Why does int*[] decay into int** but not int[][]?
Because it would be impossible to do pointer arithmetic with it.
For example, int p[5][4] means an array of (length-4 array of int). There are no pointers involved, it's simply a contiguous block of memory of size 5*4*sizeof(int). When you ask for a particular element, e.g. int a = p[i][j], the compiler is really doing this:
char *tmp = (char *)p // Work in units of bytes (char)
+ i * sizeof(int[4]) // Offset for outer dimension (int[4] is a type)
+ j * sizeof(int); // Offset for inner dimension
int a = *(int *)tmp; // Back to the contained type, and dereference
Obviously, it can only do this because it knows the size of the "inner" dimension(s). Casting to an int (*)[4] retains this information; it's a pointer to (length-4 array of int).

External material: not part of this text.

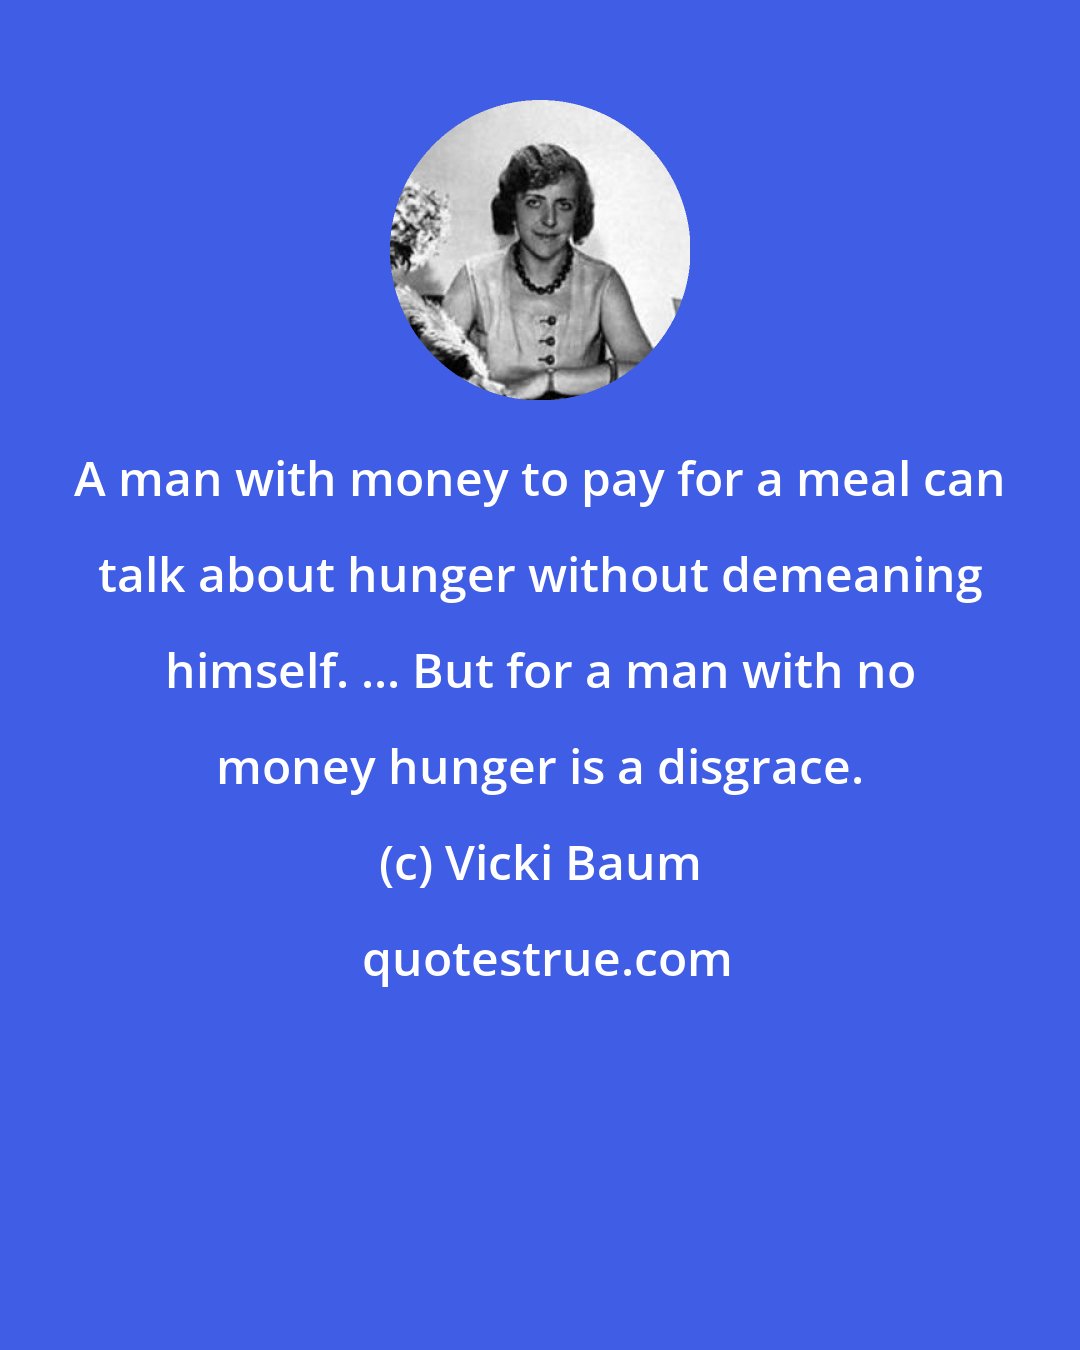 Vicki Baum: A man with money to pay for a meal can talk about hunger without demeaning himself. ... But for a man with no money hunger is a disgrace.

However, an int ** doesn't; it's merely a pointer to (pointer to int).
For another take on this, see the following sections of the C FAQ:
6.18: My compiler complained when I passed a two-dimensional array to a function expecting a pointer to a pointer.
6.19: How do I write functions which accept two-dimensional arrays when the width is not known at compile time?
6.20: How can I use statically- and dynamically-allocated multidimensional arrays interchangeably when passing them to functions?
(This is all for C, but this behaviour is essentially unchanged in C++.)

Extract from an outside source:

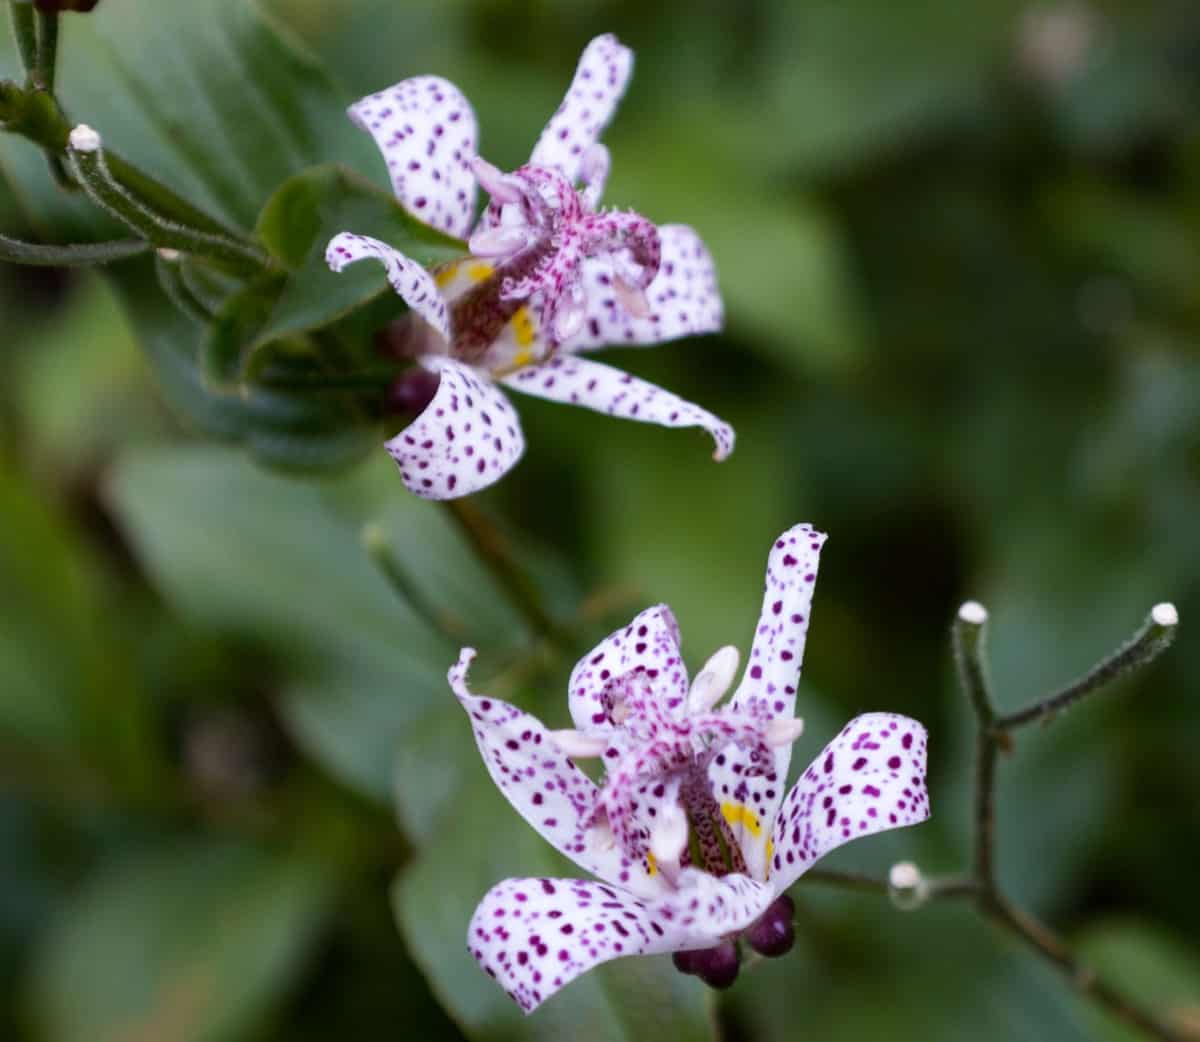 The Japanese toad lily has unusual-looking flowers.

C was not really "designed" as a language; instead, features were added as needs arose, with an effort not to break earlier code. Such an evolutionary approach was a good thing in the days when C was being developed, since it meant that for the most part developers could reap the benefits of the earlier improvements in the language before everything the language might need to do was worked out. Unfortunately, the way in which array- and pointer handling have evolved has led to a variety of rules which are, in retrospect, unfortunate.
In the C language of today, there is a fairly substantial type system, and variables have clearly defined types, but things were not always thus. A declaration char arr[8]; would allocate 8 bytes in the present scope, and make arr point to the first of them. The compiler wouldn't know that arr represented an array--it would represent a char pointer just like any other char*. From what I understand, if one had declared char arr1[8], arr2[8];, the statement arr1 = arr2; would have been perfectly legal, being somewhat equivalent conceptually to char *st1 = "foo, *st2 = "bar"; st1 = st2;, but would have almost always represented a bug.
The rule that arrays decompose into pointers stemmed from a time when arrays and pointers really were the same thing. Since then, arrays have come to be recognized as a distinct type, but the language needed to remain essentially compatible with the days when they weren't. When the rules were being formulated, the question of how two-dimensional arrays should be handled wasn't an issue because there was no such thing. One could do something like char foo[20]; char *bar[4]; int i; for (i=0; i<4; i++) bar[i] = foo + (i*5); and then use bar[x][y] in the same way as one would now use a two-dimensional array, but a compiler wouldn't view things that way--it just saw bar as a pointer to a pointer. If one wanted to make foo[1] point somewhere completely different from foo[2], one could perfectly legally do so.
When two two-dimensional arrays were added to C, it was not necessary to maintain compatibility with earlier code that declared two-dimensional arrays, because there wasn't any. While it would have been possible to specify that char bar[4][5]; would generate code equivalent to what was shown using the foo[20], in which case a char[][] would have been usable as a char**, it was thought that just as assigning array variables would have been a mistake 99% of the time, so too would have been re-assignment of array rows, had that been legal. Thus, arrays in C are recognized as distinct types, with their own rules which are a bit odd, but which are what they are.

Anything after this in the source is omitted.